■ **Directions**:
Leaving out all pictures, repeat exactly the lines from the one that holds "Understanding Termite Swarms" to the last line of the entries below.
⟨
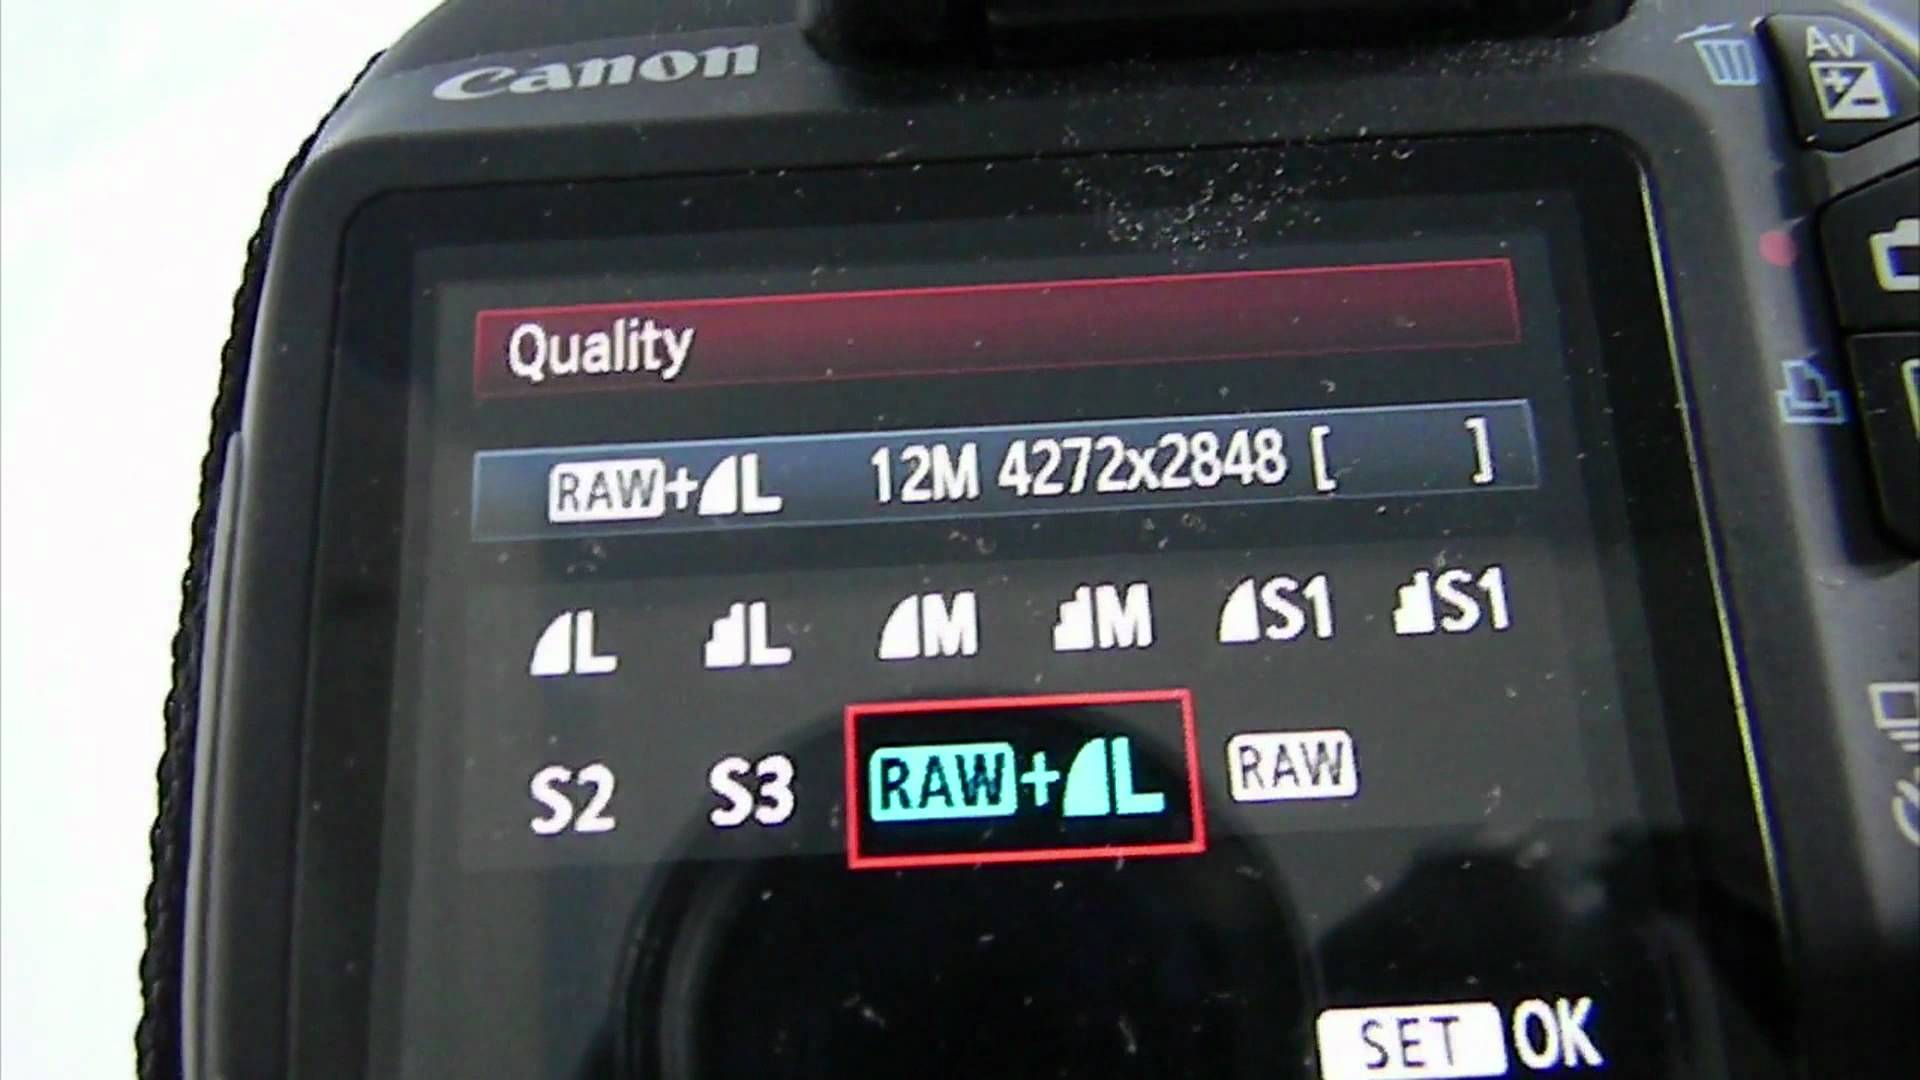 Review of Canon EOS Rebel T3 12.2 Megapixel SLR Camera
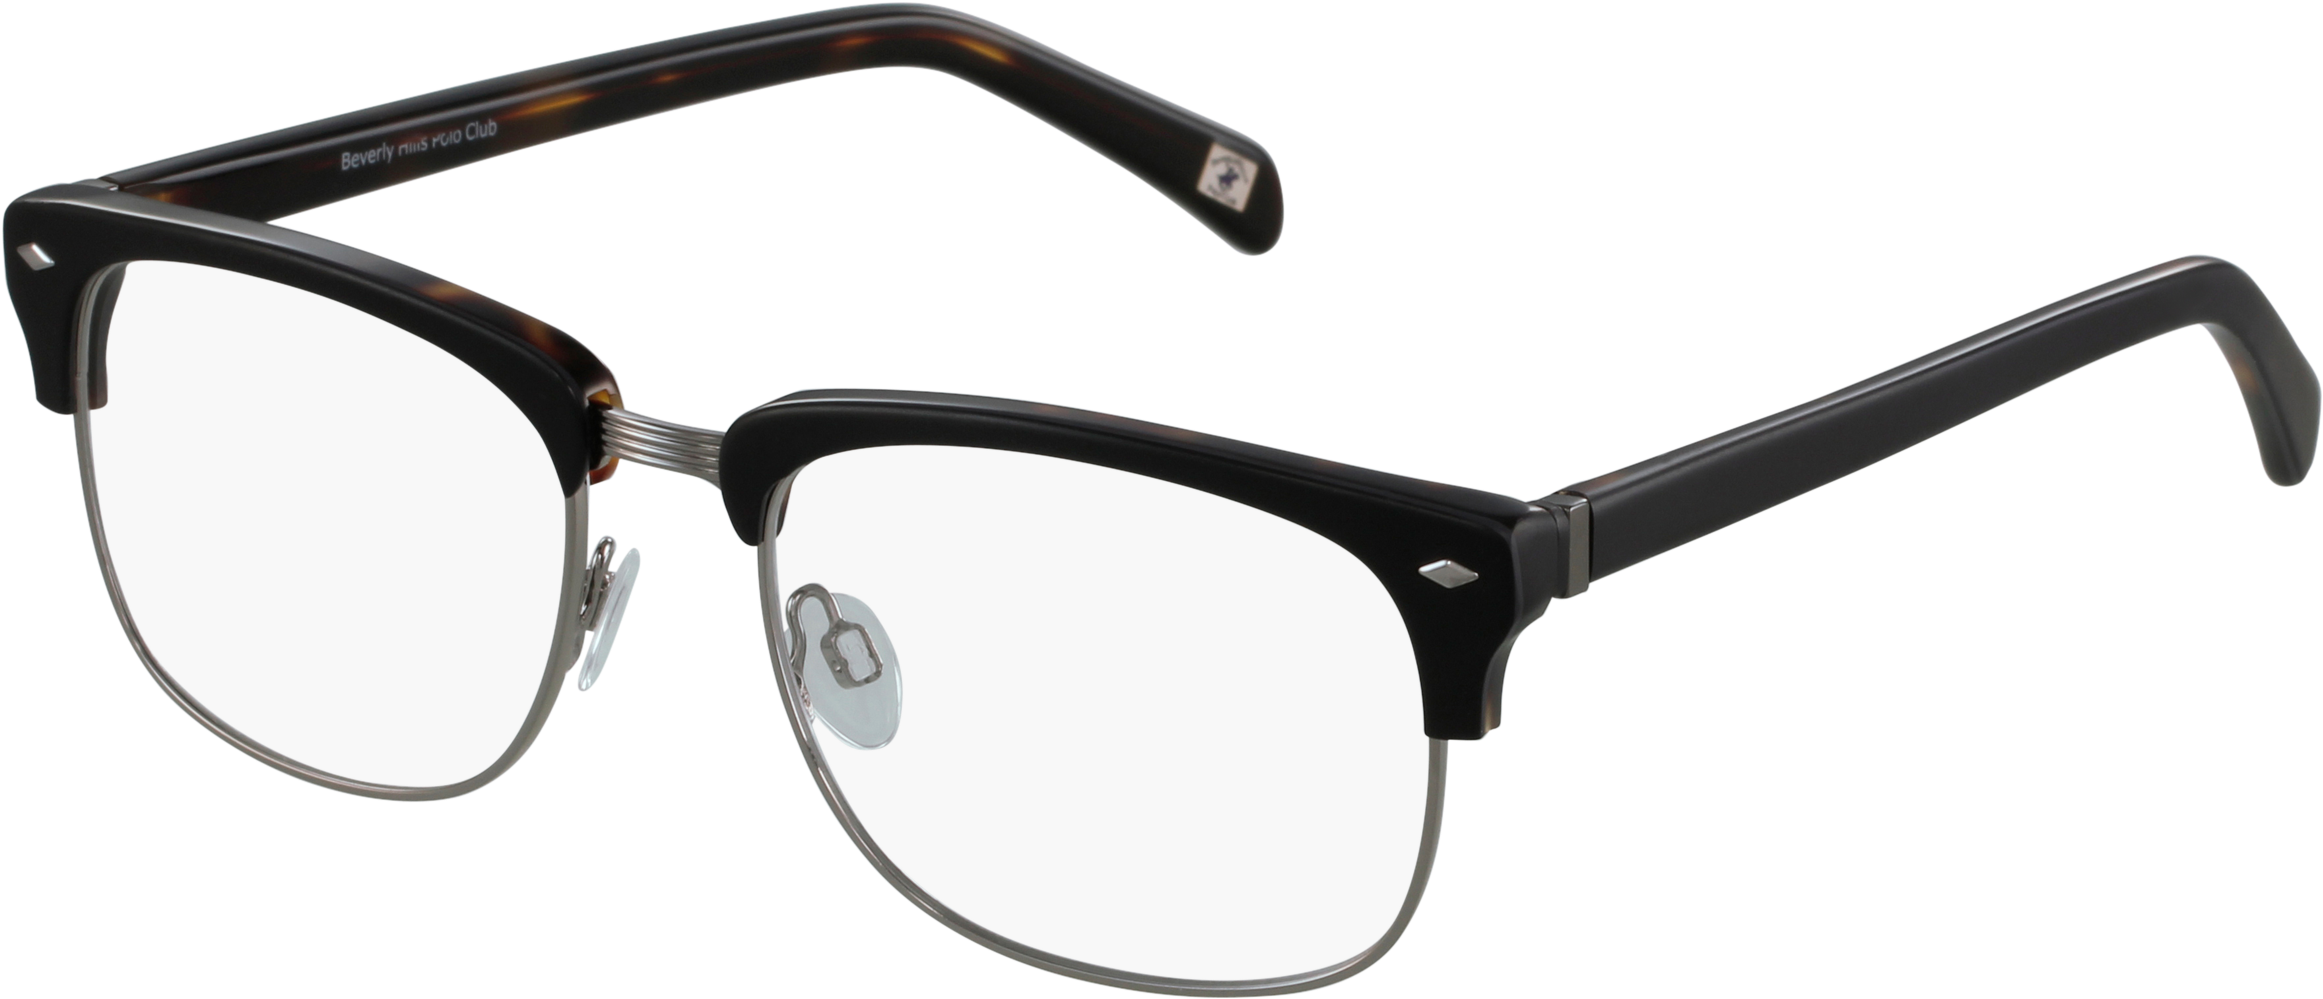 Eyeglass Eyeglasses Sunglasses Ray-ban Browline Prescription - Beverly Hills Polo Club Bhpc 67 Clipart (2500x1400), Png Download
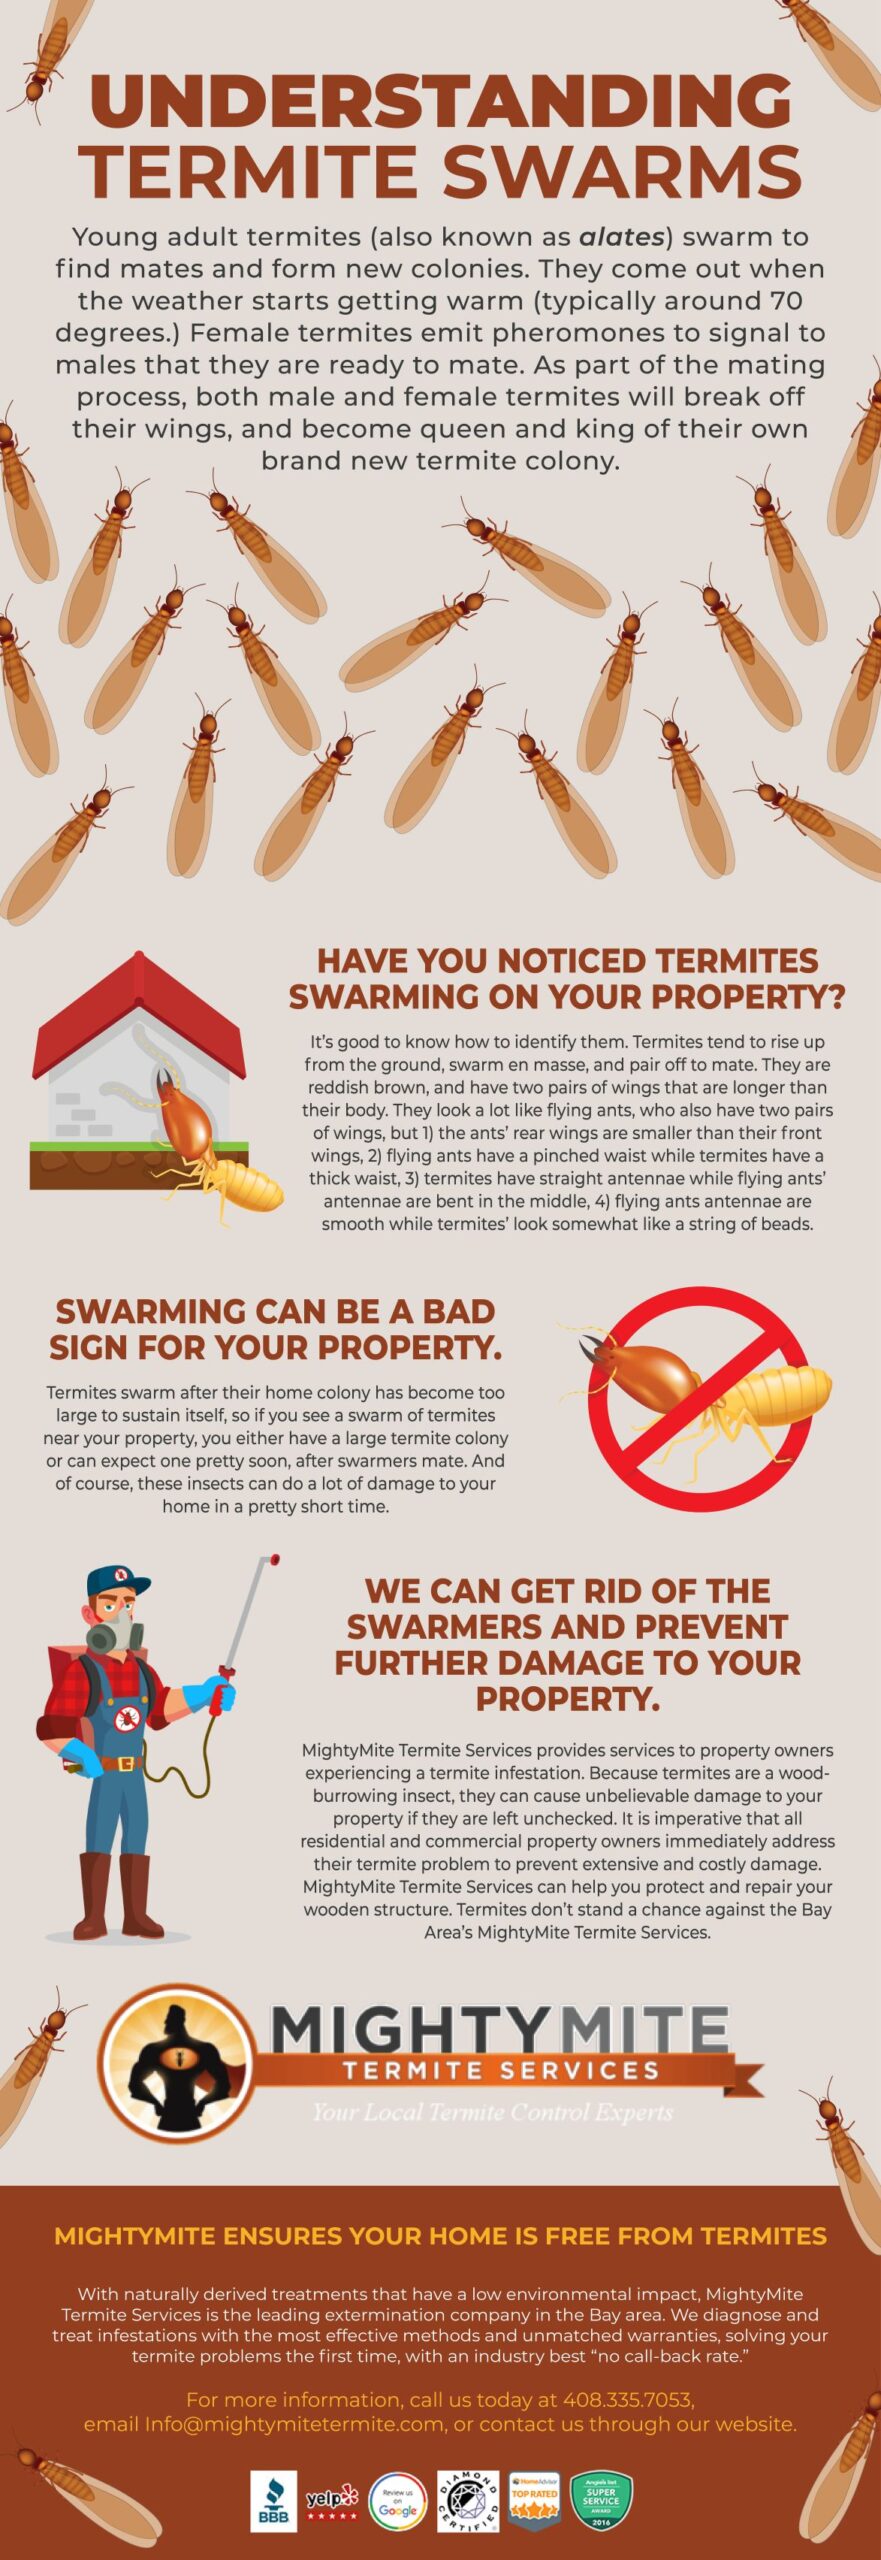 Understanding Termite Swarms
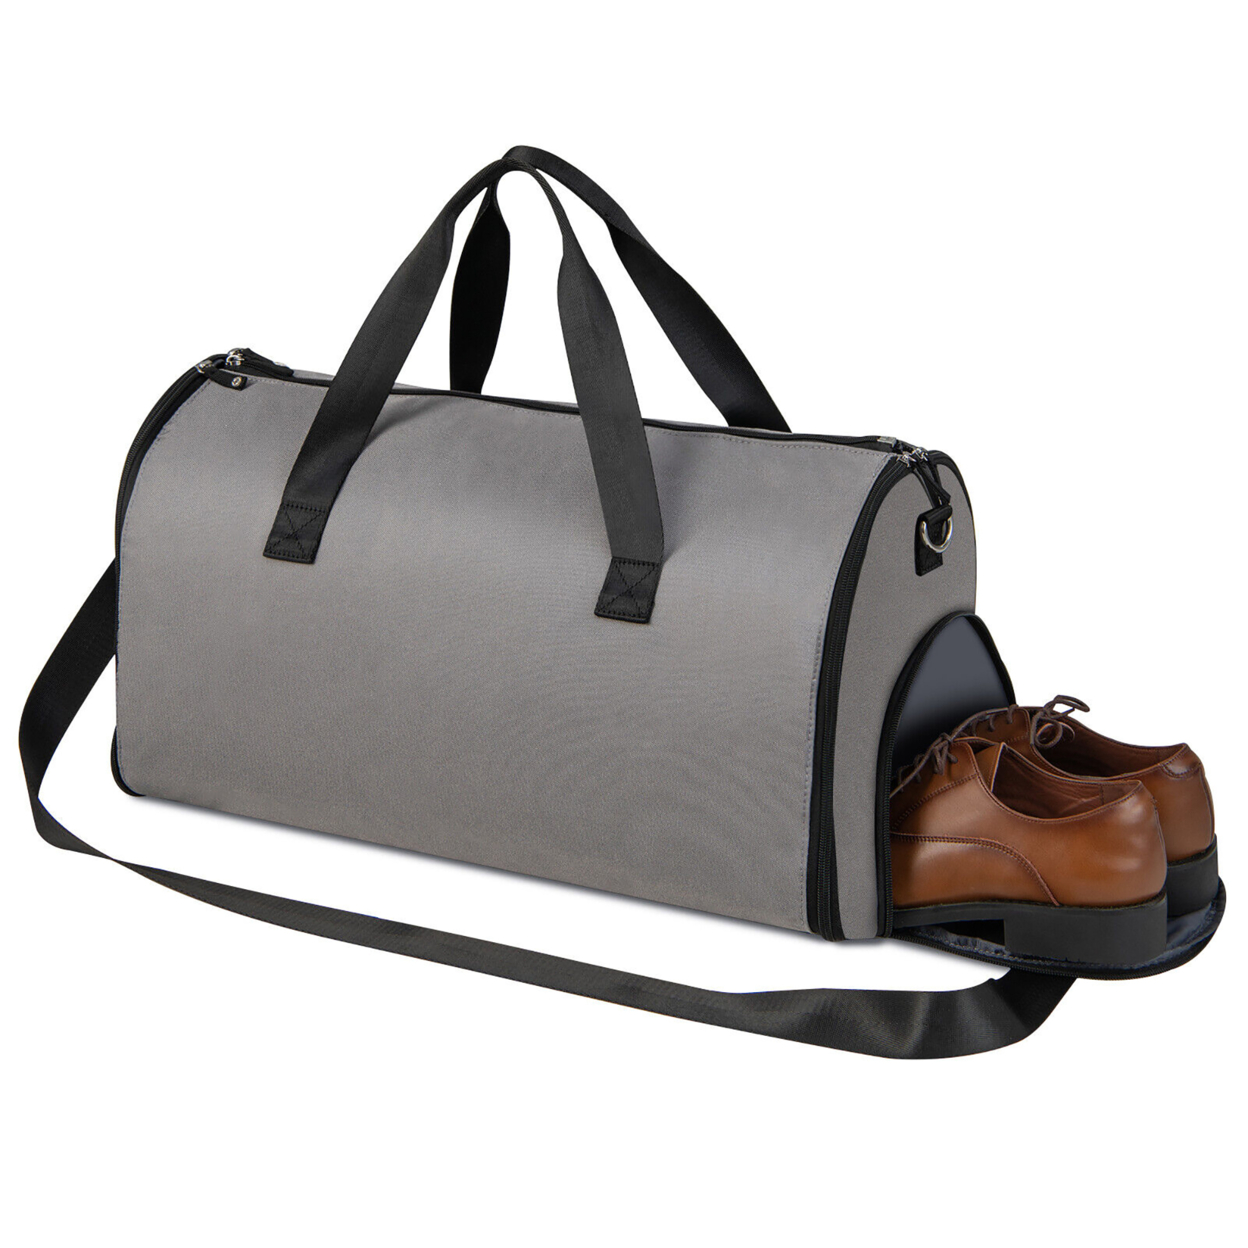 2 In 1 Duffel Garment Bag Hanging Suit Travel Bag W/ Shoe Compartment & Strap Light - Light Grey
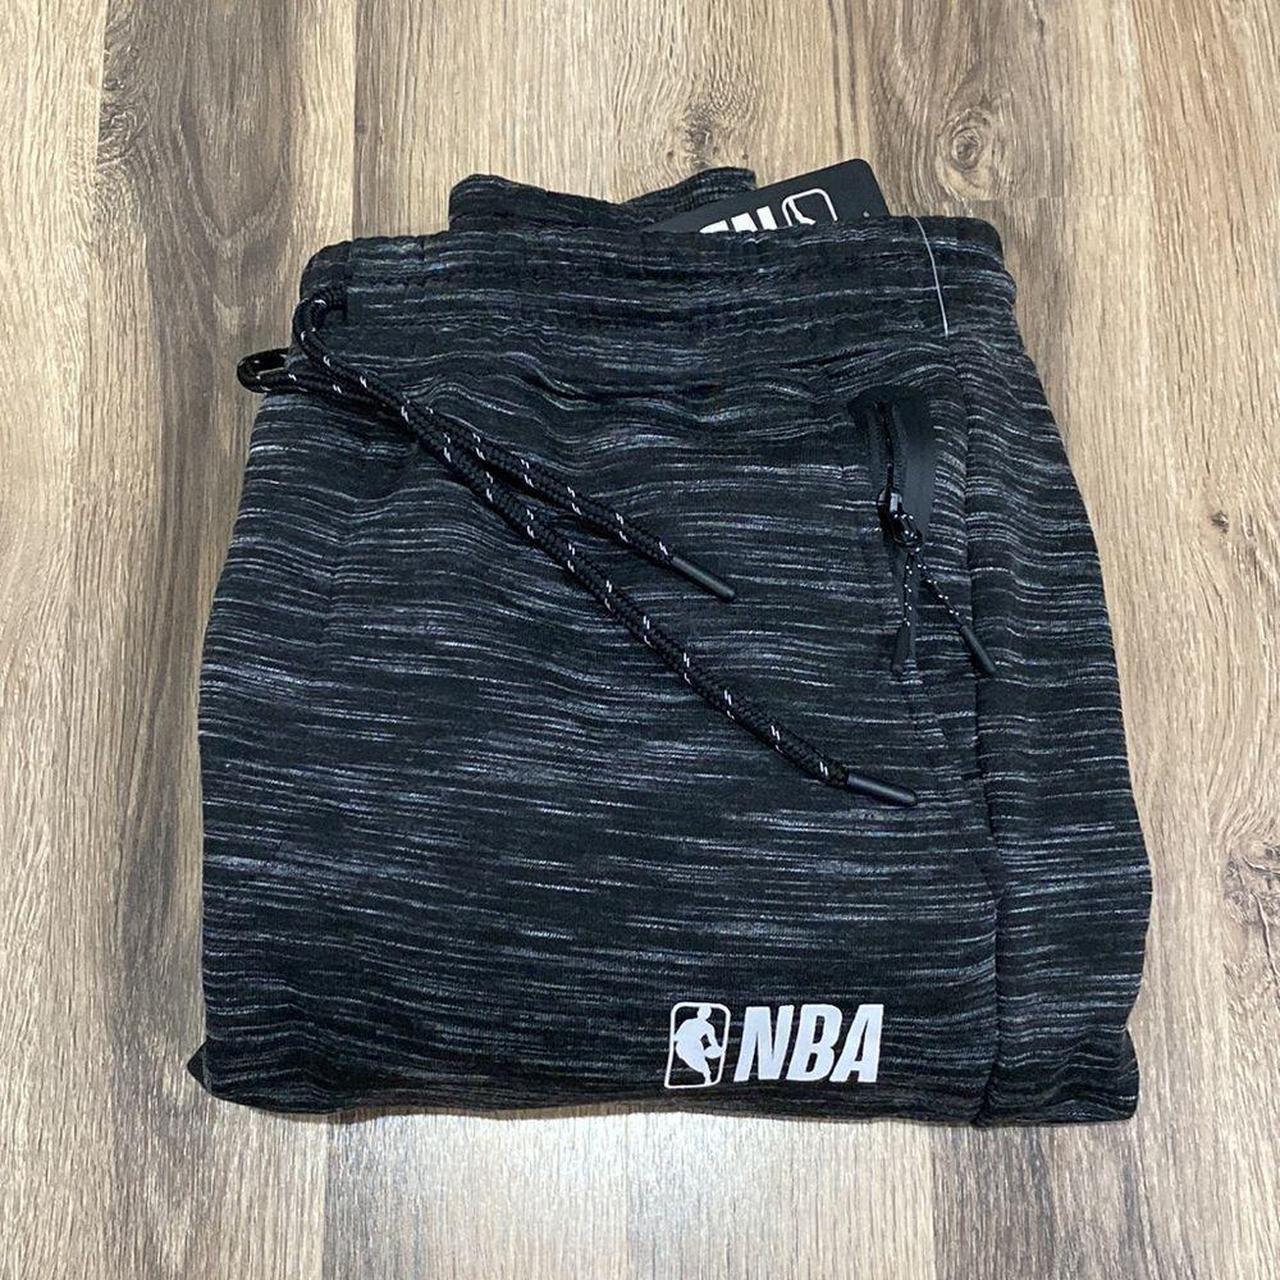 Men's NBA Jogger Basketball Pant Comfort Fit Net-Dry - Depop
⟩
■ **Reply**:
 Understanding Termite Swarms
 2 In 1 Duffel Garment Bag Hanging Suit Travel Bag W/ Shoe Compartment & Strap Light - Light Grey
 Men's NBA Jogger Basketball Pant Comfort Fit Net-Dry - Depop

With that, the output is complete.